Provided material —

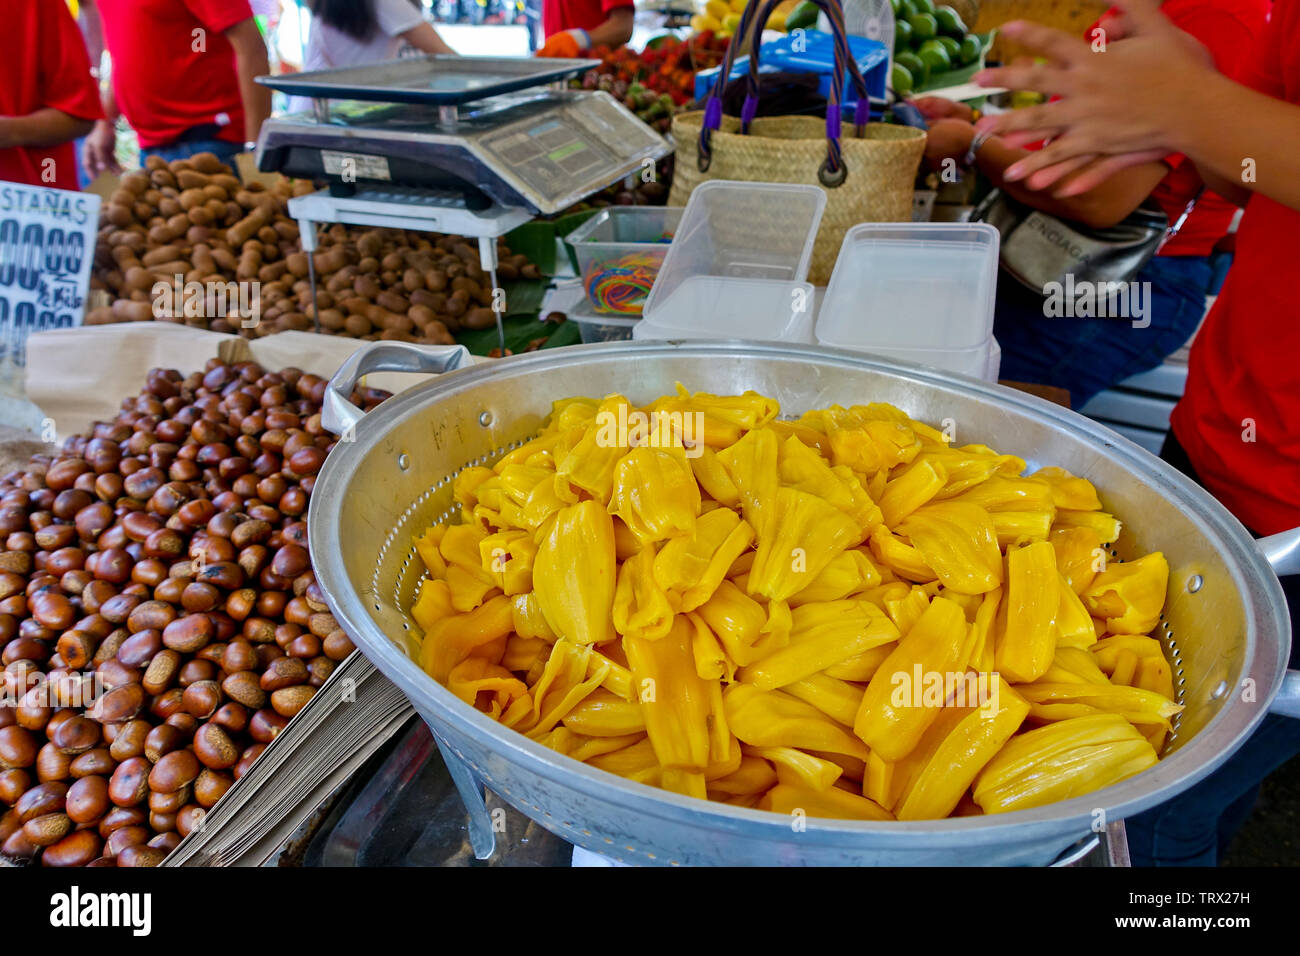 Une variété de fruits et de noix sont certains des choix alimentaires à Salcedo Village marché le samedi. Banque D'Images
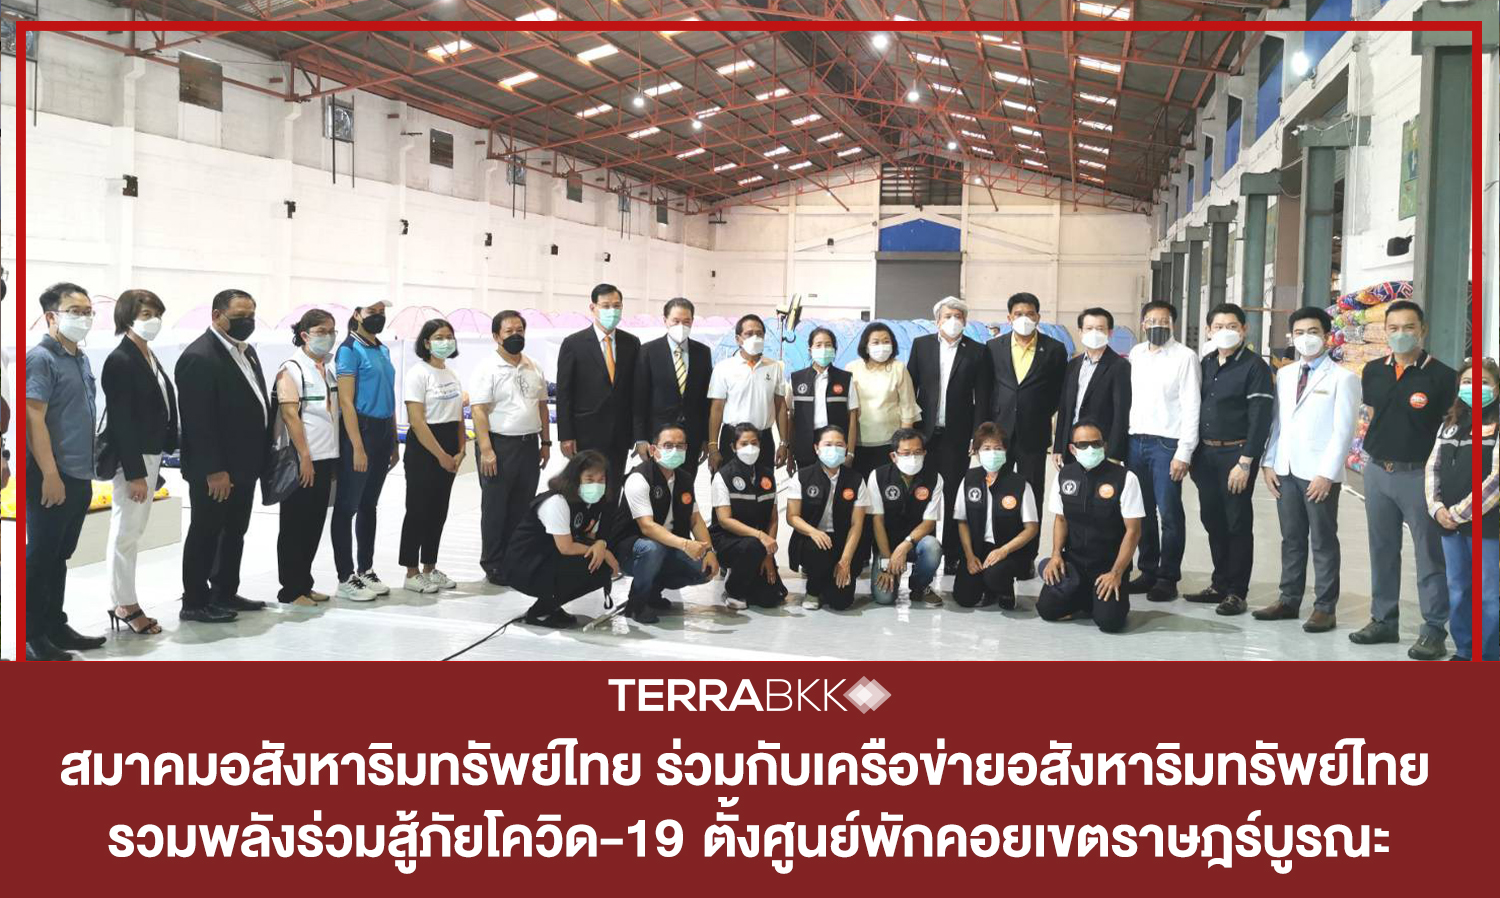 สมาคมอสังหาริมทรัพย์ไทย ร่วมกับเครือข่ายอสังหาริมทรัพย์ไทย เอกชนจับมือเข้มแข็ง รวมพลังร่วมสู้ภัยโควิด-19  ตั้งศูนย์พักคอยเขตราษฎร์บูรณะ
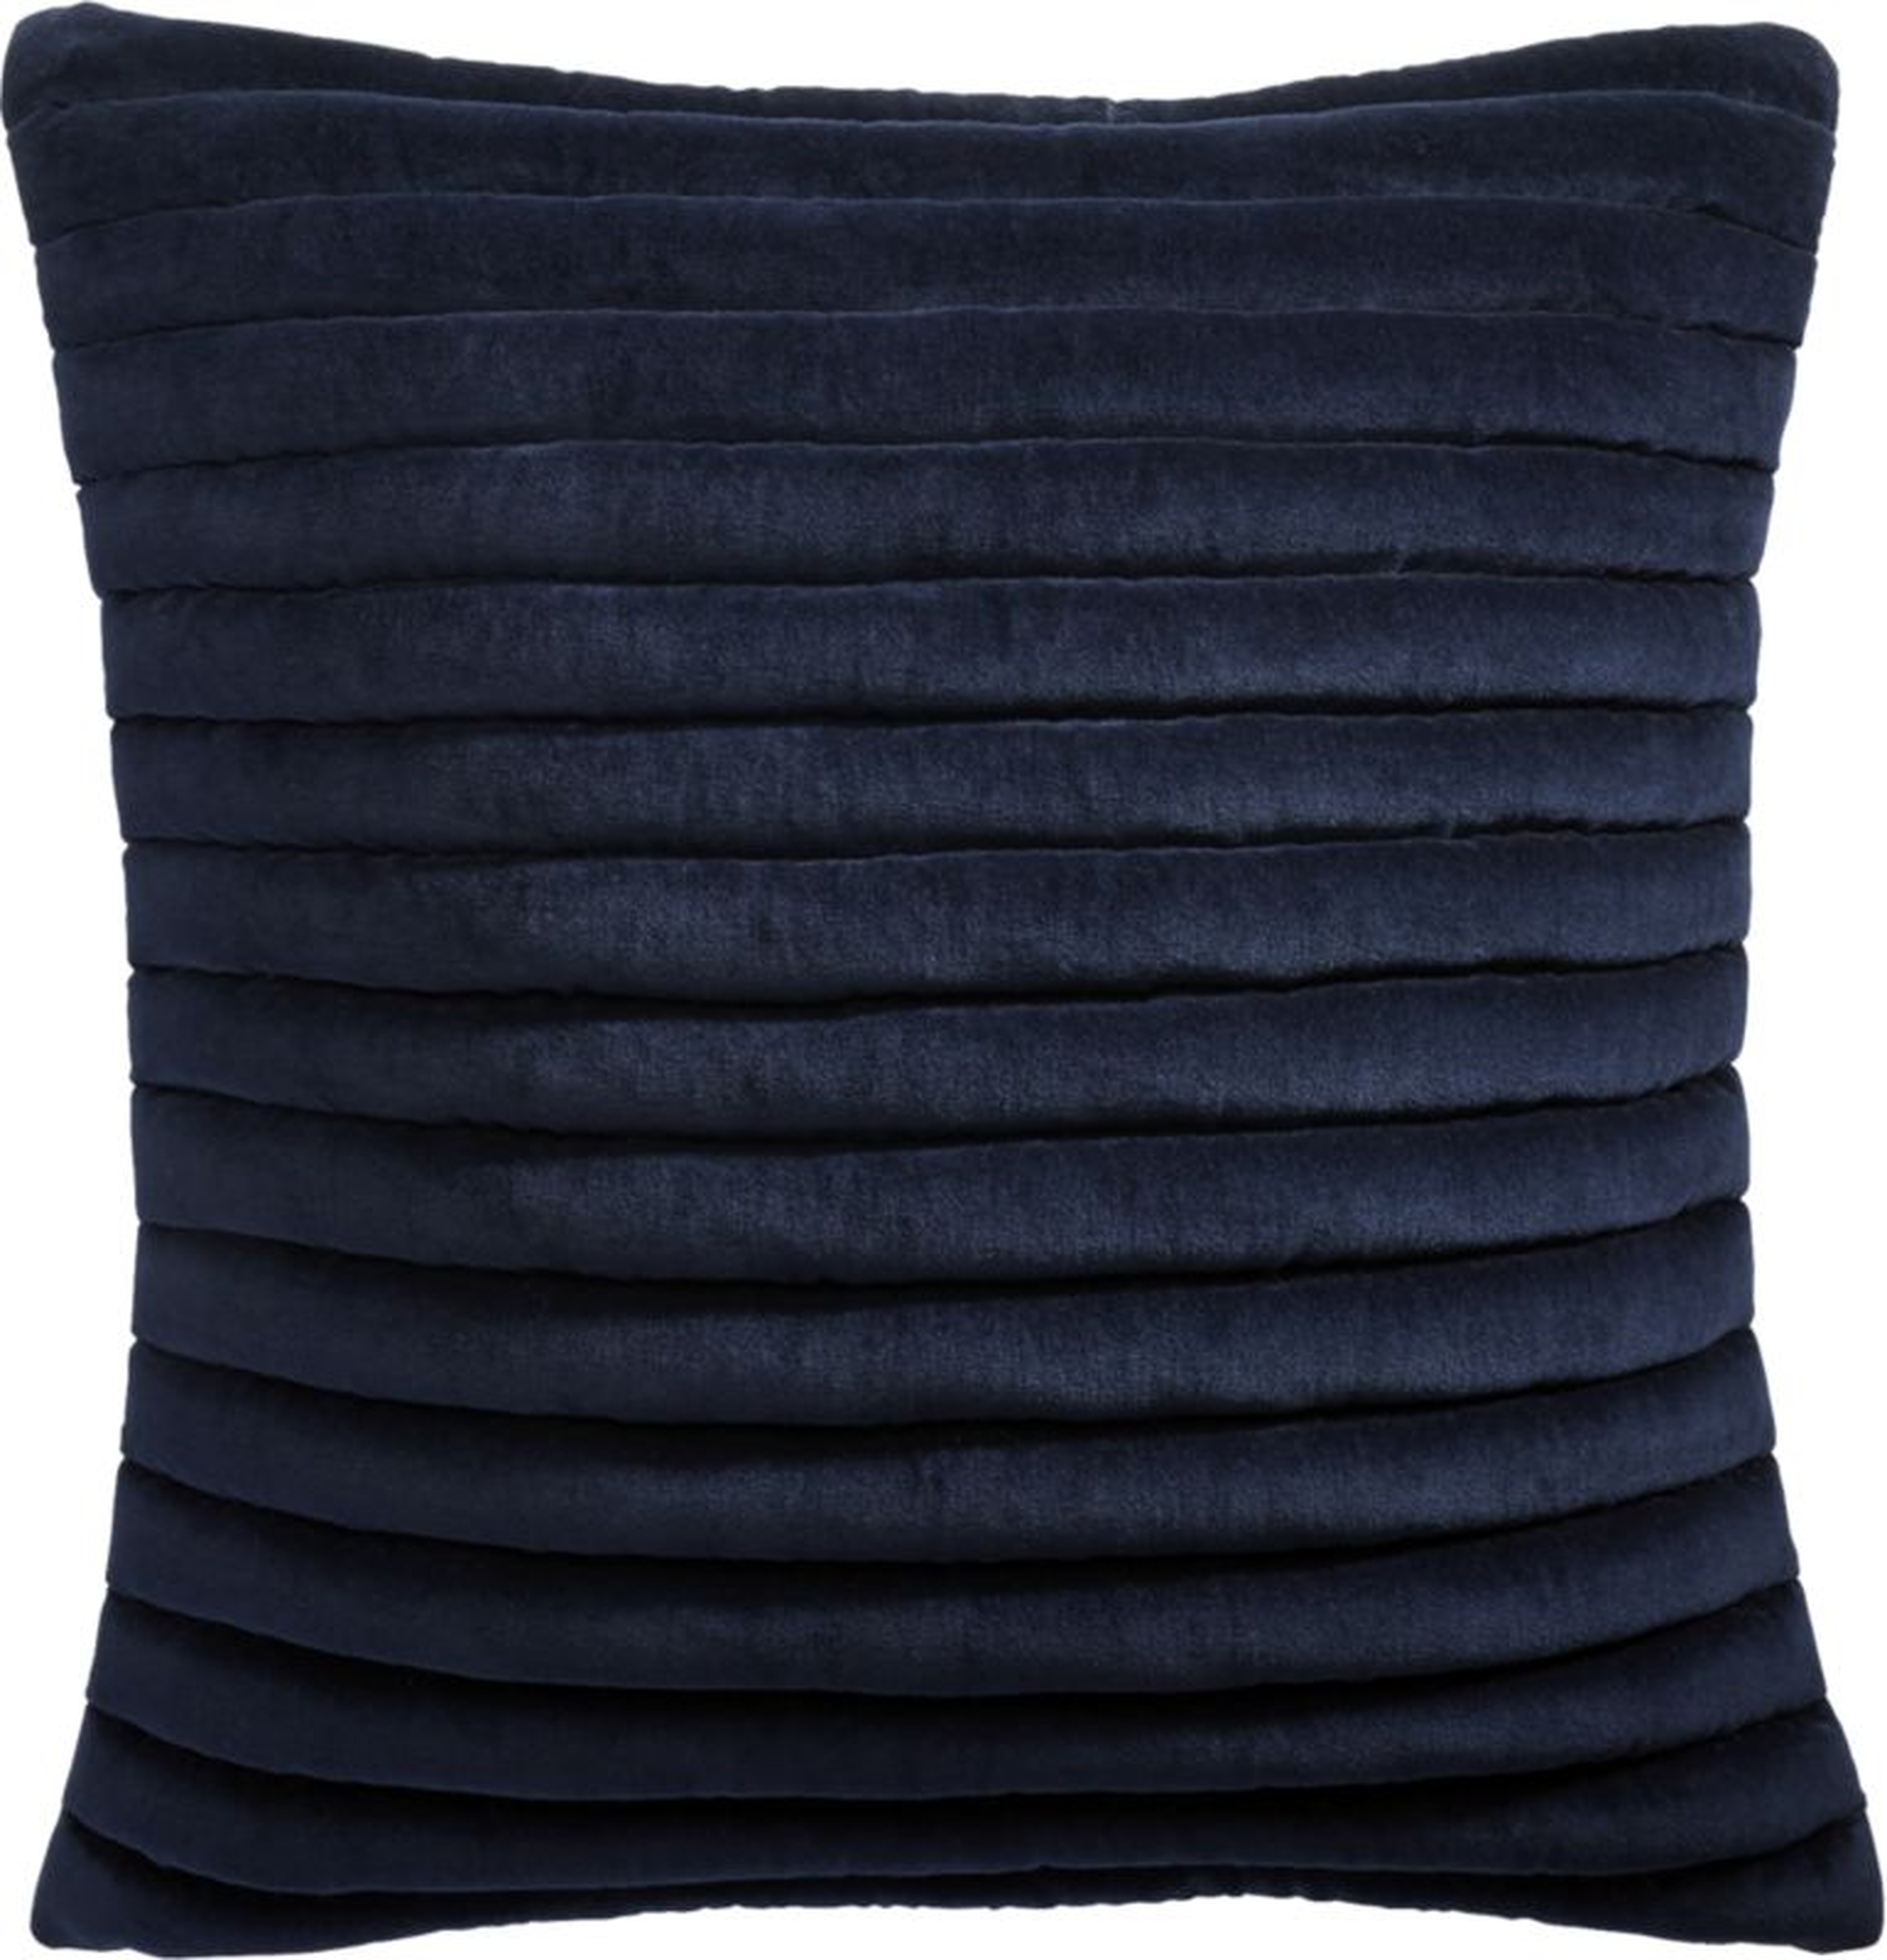 18" Channeled Navy Velvet Pillow with Down-Alternative Insert - CB2

What needs to be done — Drop the images and return the data verbatim.

Solution below —
 Une variété de fruits et de noix sont certains des choix alimentaires à Salcedo Village marché le samedi. Banque D'Images
 สมาคมอสังหาริมทรัพย์ไทย ร่วมกับเครือข่ายอสังหาริมทรัพย์ไทย เอกชนจับมือเข้มแข็ง รวมพลังร่วมสู้ภัยโควิด-19  ตั้งศูนย์พักคอยเขตราษฎร์บูรณะ
 18" Channeled Navy Velvet Pillow with Down-Alternative Insert - CB2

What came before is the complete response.